Exercise -
The answer is the full listing restated exactly, without any pictures.

Data extract -
§ §
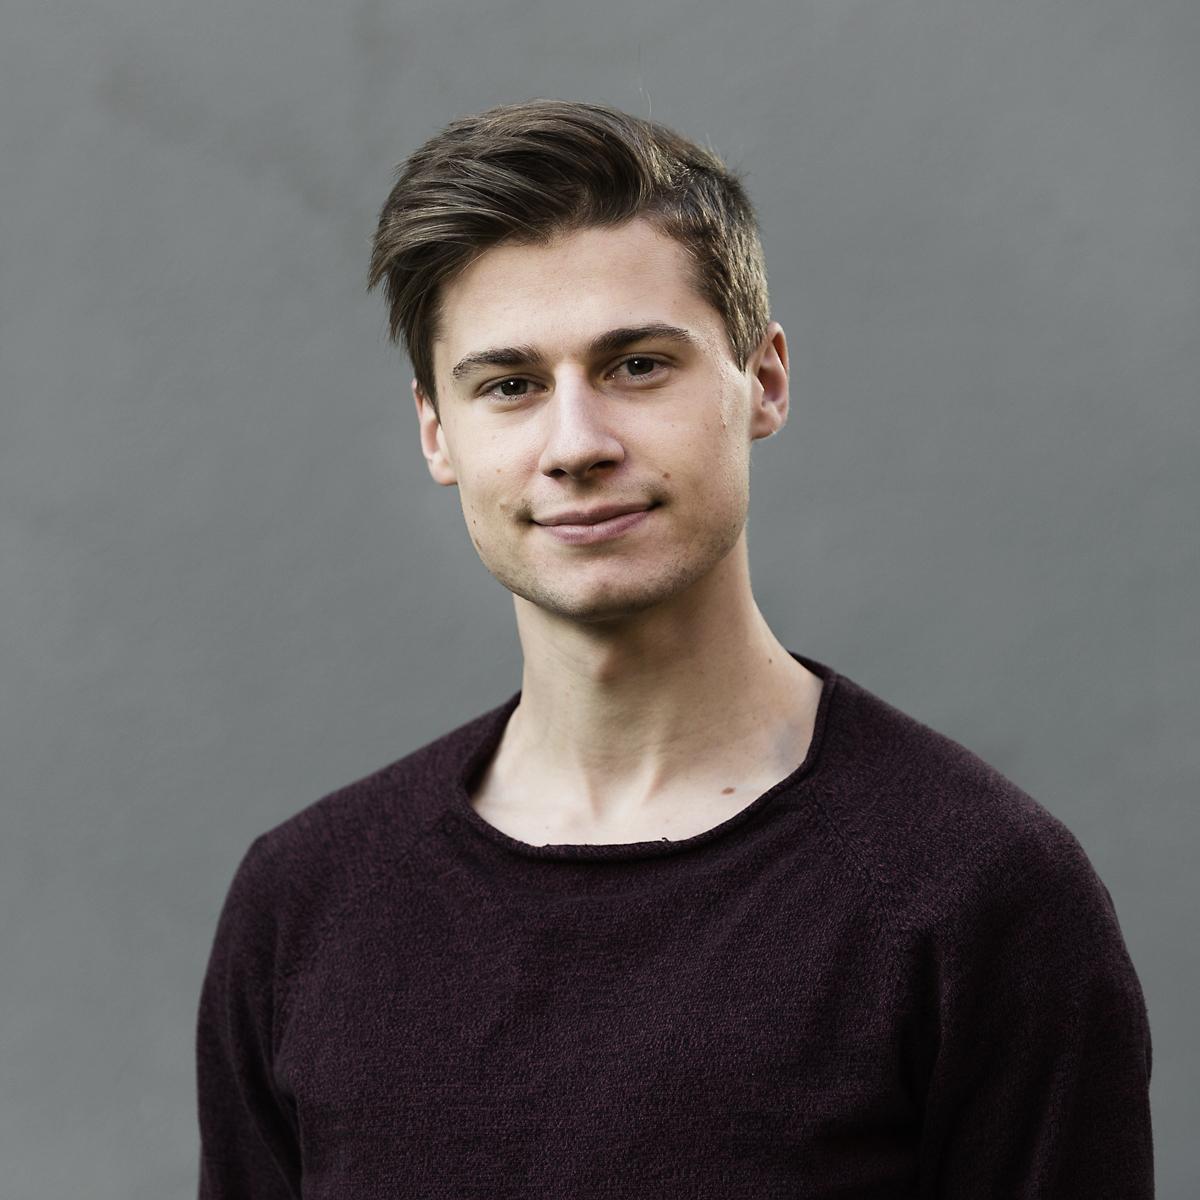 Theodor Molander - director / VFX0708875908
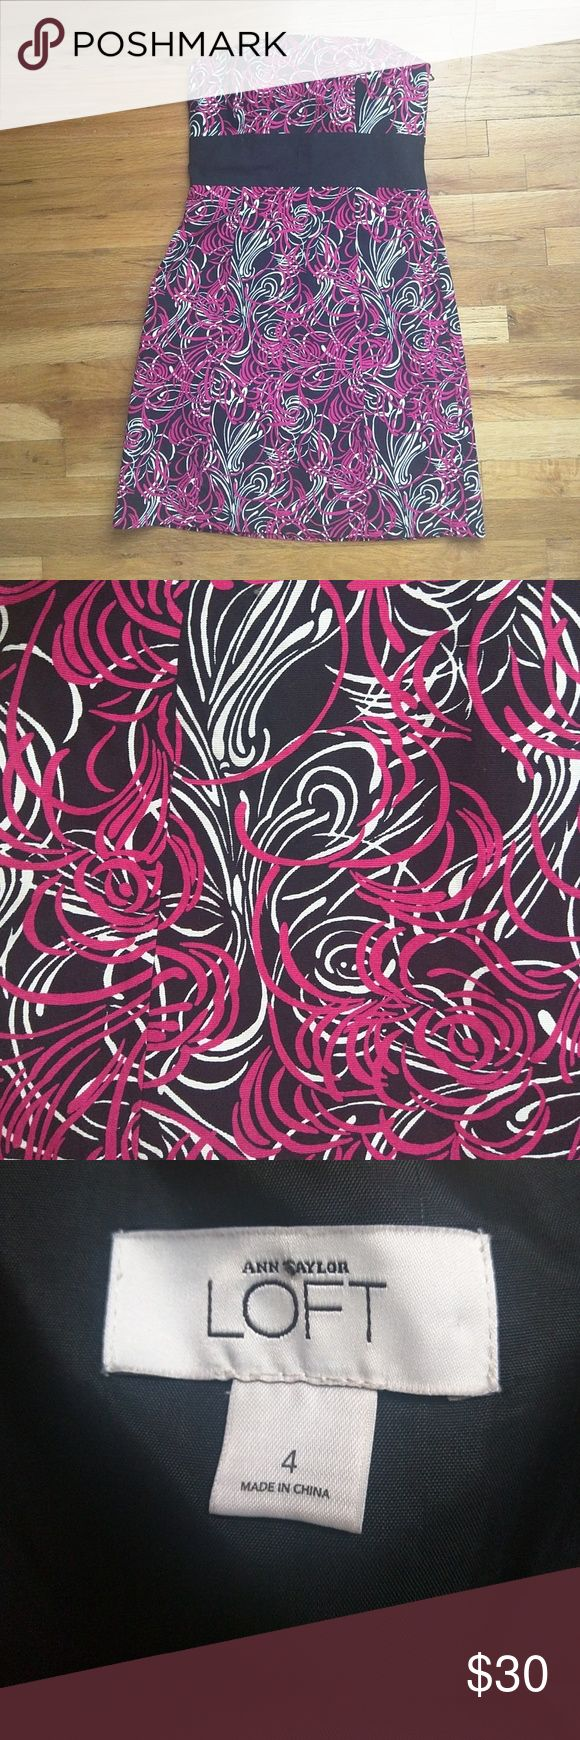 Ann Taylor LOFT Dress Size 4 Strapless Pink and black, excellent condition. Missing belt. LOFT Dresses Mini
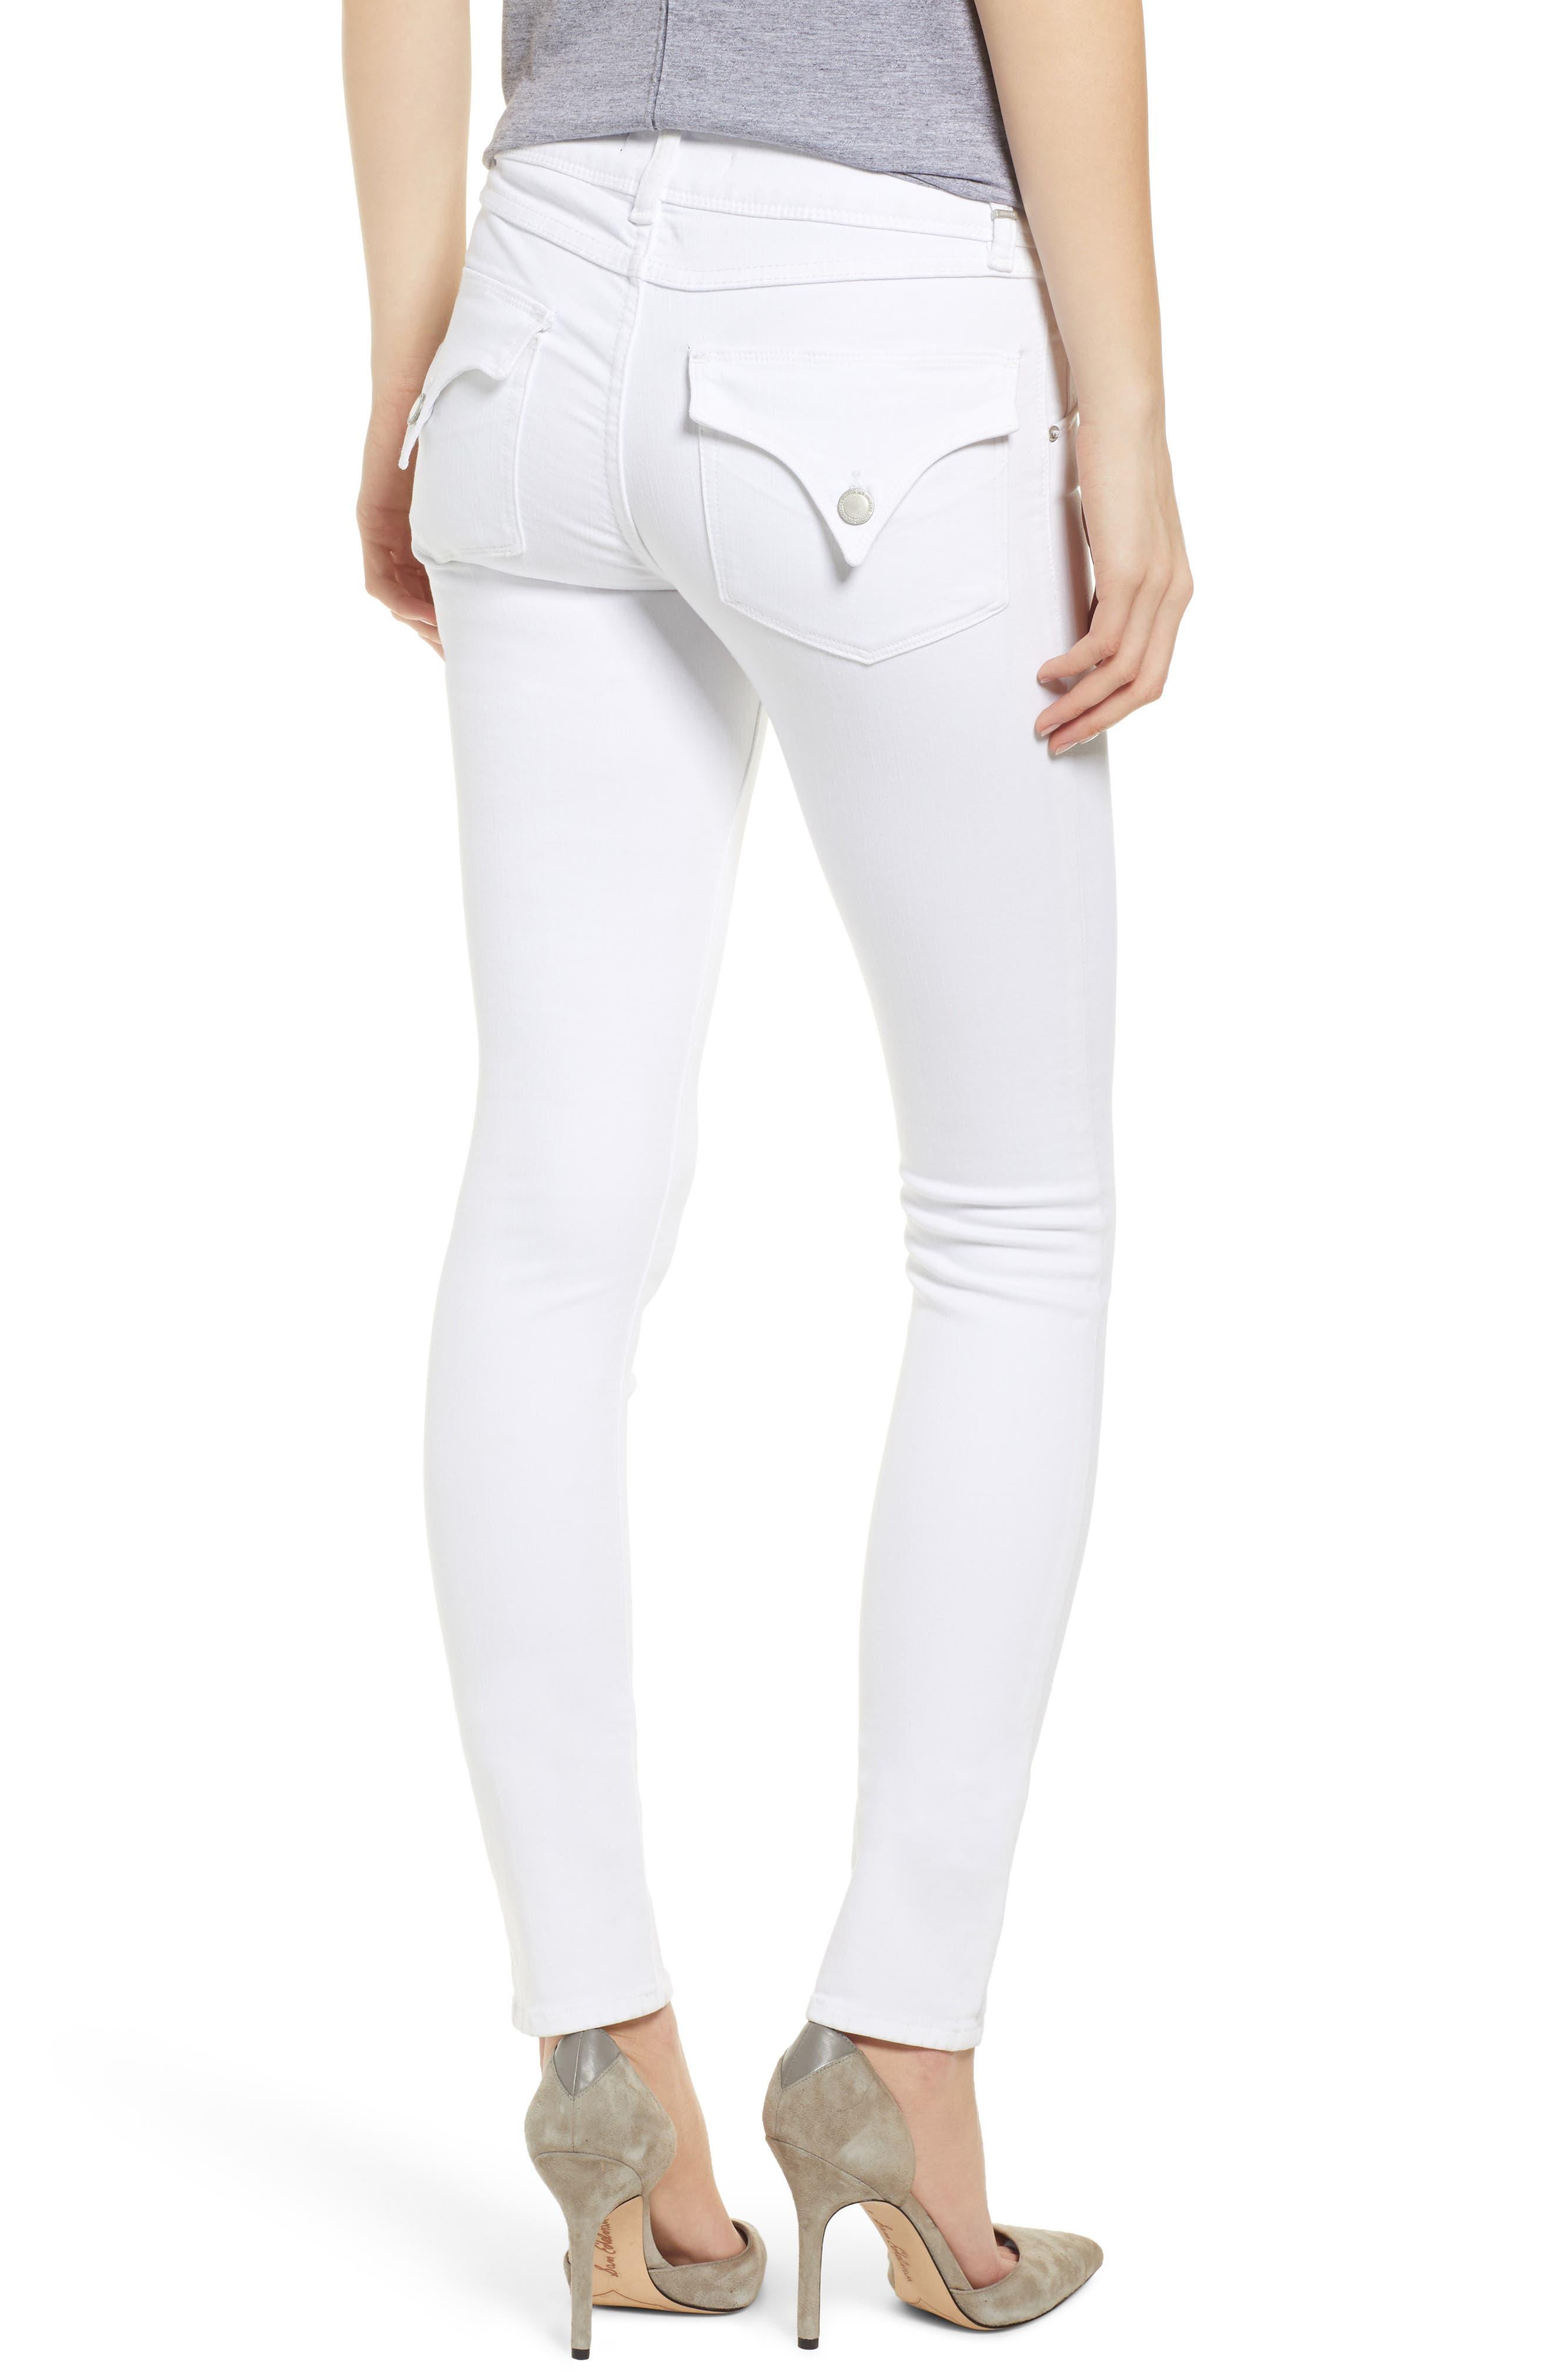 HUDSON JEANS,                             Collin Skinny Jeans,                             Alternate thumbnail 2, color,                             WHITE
§ §
Task response -
 Theodor Molander - director / VFX0708875908
 Ann Taylor LOFT Dress Size 4 Strapless Pink and black, excellent condition. Missing belt. LOFT Dresses Mini
 HUDSON JEANS,                             Collin Skinny Jeans,                             Alternate thumbnail 2, color,                             WHITE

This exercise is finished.